All these people need different types of skills and background knowledge.
They may be heavily involved in large projects, or only at first sight. Sometimes
they use different terminology.
Where do people acquire new skills? For the new generation it may be
in technical schools or universities, where XML is gaining popularity in regular
courses. However, for most people in industry XML is new. People have to follow
training courses or have to get incidental advice.
The author has given a number of training courses in industry, from
crash courses taking half an hour to regular courses taking a week or more,
and is preparing courses on the university level. There is a variety of demands
and a variety of personalities and backgrounds involved. Some topics are basic,
but some demand more research on an academic level.
This paper traces only the topics involved, and not the depth of training
that is required for different target groups. It addresses the use of XML
as a language for the exchange of messages as well as for the structuring
of documents, as a partial replacement of SGML.
In order to locate the required skills we follow two approaches.
The first approach is a technical one. It takes the point of view of
a developer who wants to construct a tool or a complete system, be it from
scratch or as an addition of XML functionality to an existing one. This approach
will recover mainly skills offered by Computer Science.
The second approach takes the view of an application that has to profit
from the use of XML+. Following the steps of a System Development Methodology
we encounter the required XML skills, independent of the size of the system
to be developed. This approach is more or less covered by Information Science.
Besides the skills covered by Computer and Information Science the introduction
of XML+ may require other skills.
This paper has three main divisions.
- Part one outlines the components of a complete document processing
system, to be referenced in the other parts.

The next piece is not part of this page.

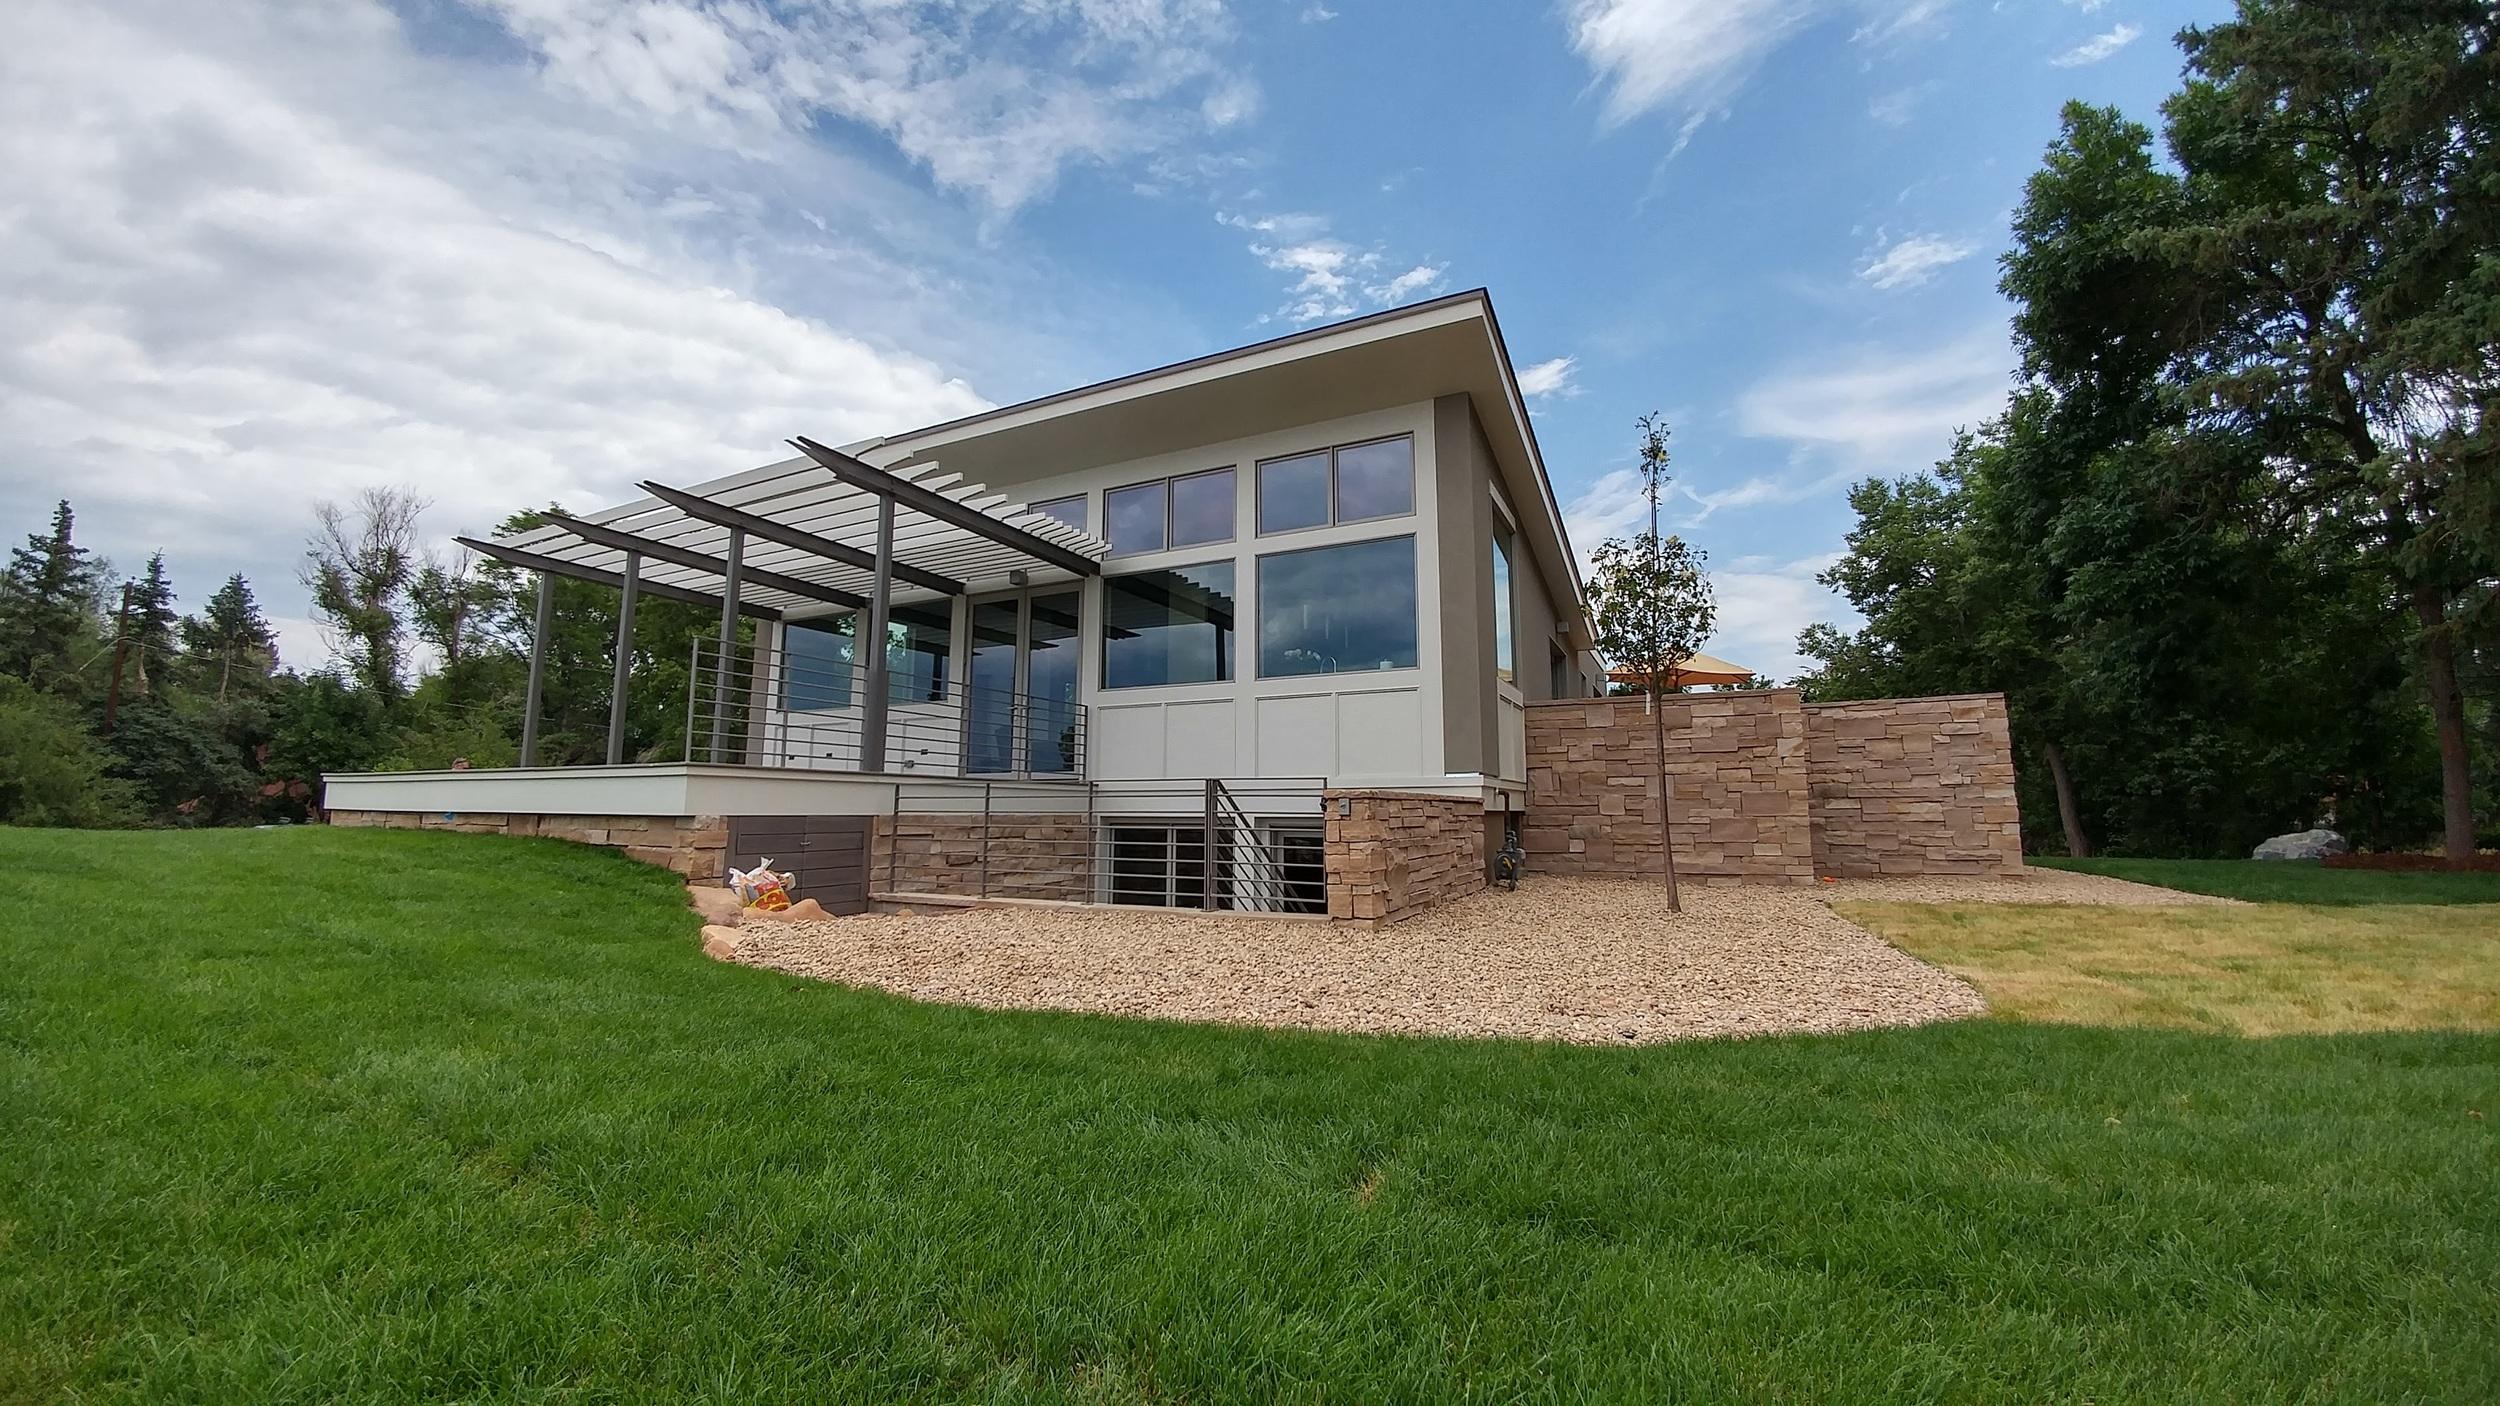 S. Cherryvale Residence

- Part two identifies the depth of XML integration in a document processing
system, seen as a gradual integration of XML with tools, systems and infrastructure,
in a bottom-up fashion
- Part three traces the sequential steps of system development, to
be taken in time and from top to bottom.
Components of a document processing system
Every system that processes documents, small or large, has one or more
of the following components. The (partial) markup of the documents calls for
additional XML functionality.
Input:
- Author environment: for the creation and maintenance of XML tagged
data
- Conversion: for the translation of data and documents into XML
- Parsing: for the validation of an XML document against a DTD.
Data storage:
- Repositories, be it (distributed) databases (relational, OO, relational
OO) or simple flat files
- Data storage manager for XML data, connected to the repositories,
for the access to document objects, hyperlinks, entities and text.
Retrieval:
Output:
- Transformation: within and from XML data and documents
- Composition: mapping XML structure to format (paper and electronic)
- Electronic Delivery.
Document management:
- On the XML component level: workflow, authorization, version control
and content management.
Workbenches:
- For development and maintenance of specifications: document and
database schema’s, stylesheets, transformations.

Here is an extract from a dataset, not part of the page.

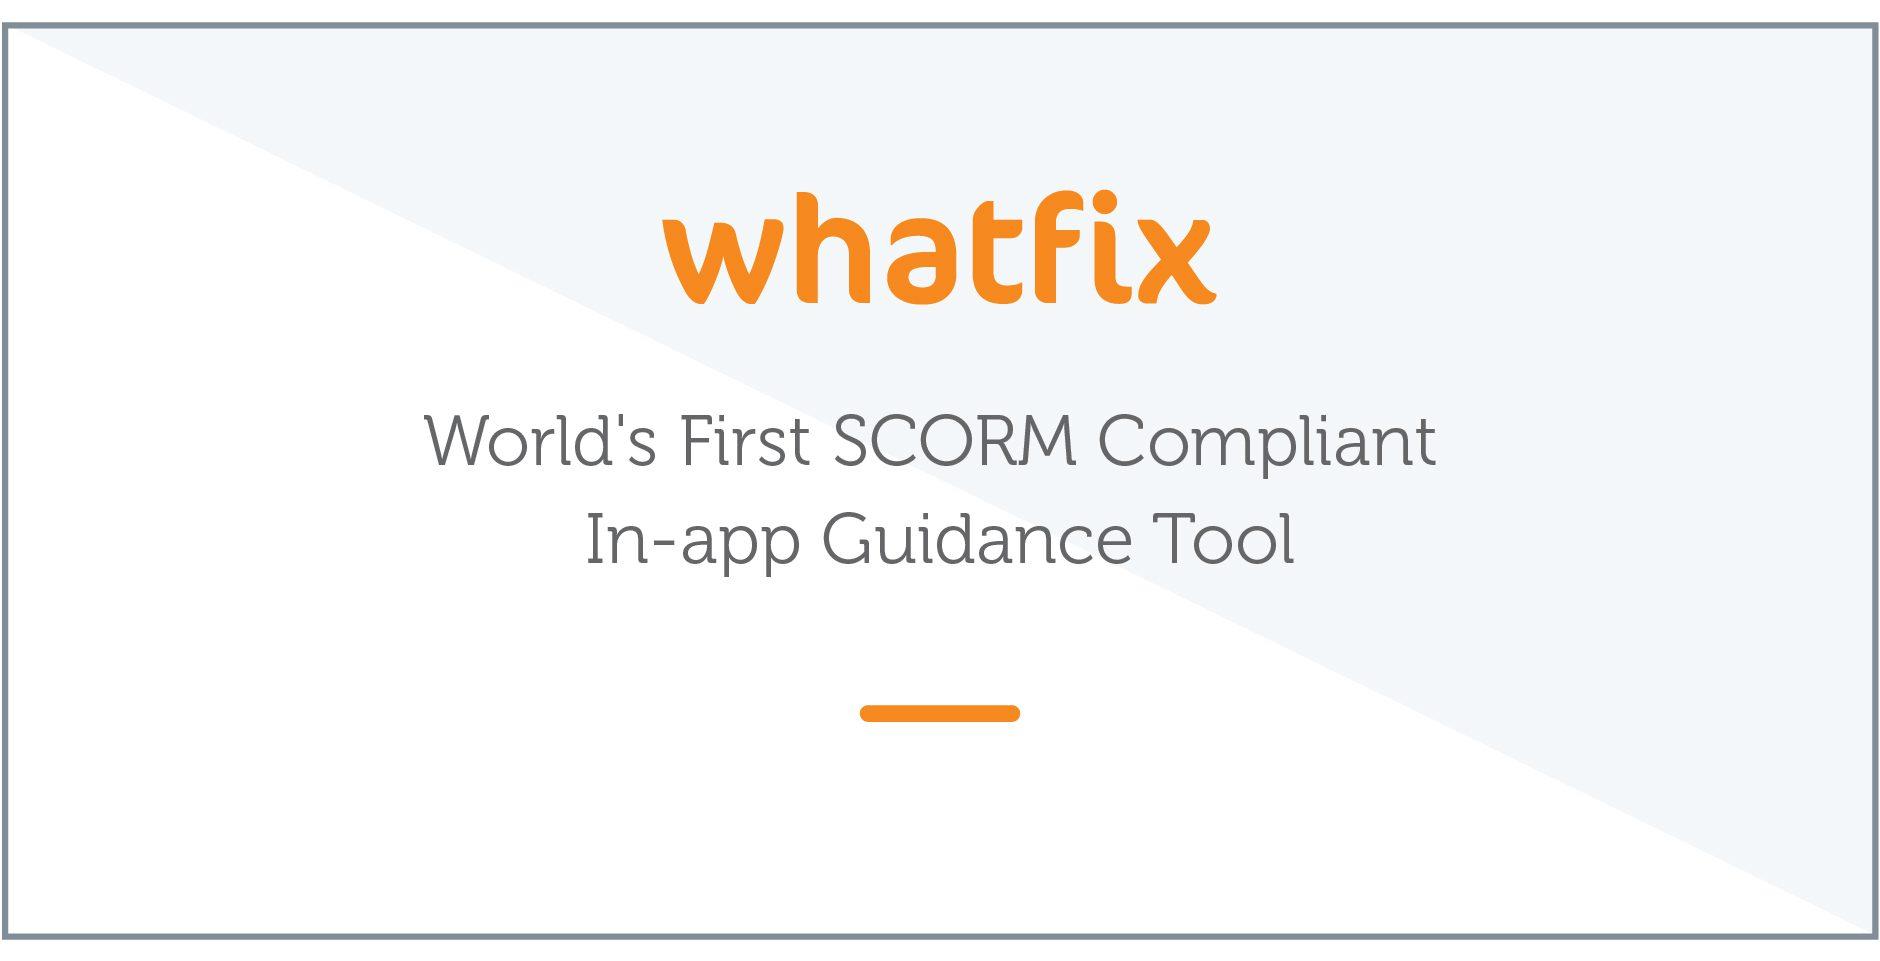 Whatfix SCORM compliance

Layers of XML system integration
This section takes the point of view of a gradual integration of XML+
into a Document Management System. The following steps are covered:
- The XML+ Standards themselves
- The building of Engines based upon the standards
- The integration of engines within XML+ Tools and Systems
- The integration of tools and systems within the Infrastructure:
Databases, Doc. Management, Operating Systems and Networks.
XML+ standards
The XML+ standards are based upon formal languages and datastructures.

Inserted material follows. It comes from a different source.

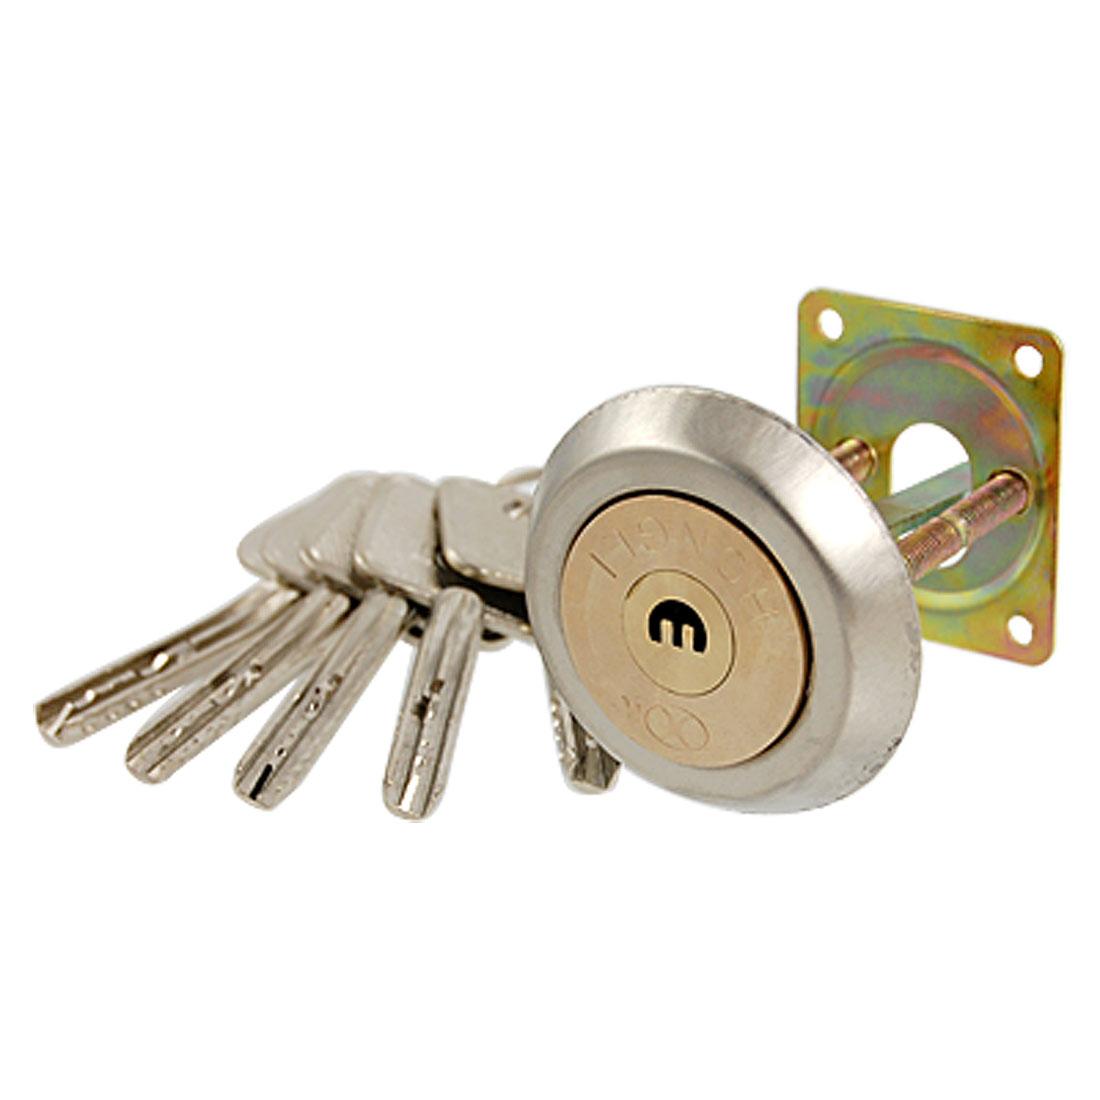 Cabinets Gates Brass Tone E Keyhole Tapered Ned Doors Lock Set

Therefore, members of the standardization committees should have a command
of Theoretical Computer Science.
(The writing of specifications, like schemata and stylesheets, according
to the standards is covered in the section on System Development Methodologies.)
| Design of XML+ Syntax Structures |
Skills |
|
|
- Design considerations for formal languages and grammars
|
|
|
|
- Transformations with XSLT
- Other transformation languages
|
- Rewriting systems; aspects of reversibility
|
- Query languages on documents and trees
|
|
- Context-sensitivity within transformations, queries and stylesheets
|
- Expression of context-sensitivity
|
Table
1
| Design of XML + Information Structures |
Skills |
|
|
- Tree walking languages
- Operations on trees
|
|
|
|
Table
2
XML+ engines and API’s for processes and datastructures
The processes, which are described in the standards, may be implemented
within dedicated Engines. Most expertise stems from the theory of Formal Automata
and Program Generation.
| XML | Skills |
- XML parser + DOM constructor
|
- Techniques for parser generation
|
Table
3
| Conversions and transformations:
100% automatic and correct | Skills |
- XSLT engine: add, delete, change components in trees
- Other tree transformation techniques
|
- Techniques for transducer generators
- Programming languages: imperative, functional, logical, ..., event-based,
pattern-based, rule-based
|
Table
4
| XML+ | Skills |
|
| Knowledge of:
- Responsiveness: off-line, on-line, real-time
- Execution: compiled, interpreted
- Time and space complexity: exponential-NP, polynomial, (sub)linear
- Decidability and correctness
- Handling of ambiguity
- Handling of ill-formed input
- Software engineering
- OO-aspects: (multiple) inheritance, sending messages to object
- Sequence (in)dependency of rules
- (Visual) developer workbenches
|
|
| |
|
| |
- Query engine on documents and document trees (also Doms)
|
- Database techniques
- Techniques for pattern recognition: string and tree matching and
comparison
|
- Revision tracking and storage
|
- Theory of sequence comparison for strings and trees
|
Table
5
Integration of engines within XML+ tools and document processing systems
Tools for Document Processing may obtain XML functionality by integration
of XML+ Engines.
It may concern already existing tools, which have to be extended with
XML+ functionality, or new tools, constructed from ground level. It may concern
shrink-wrapped tools or home made ones, grown up from dedicated systems.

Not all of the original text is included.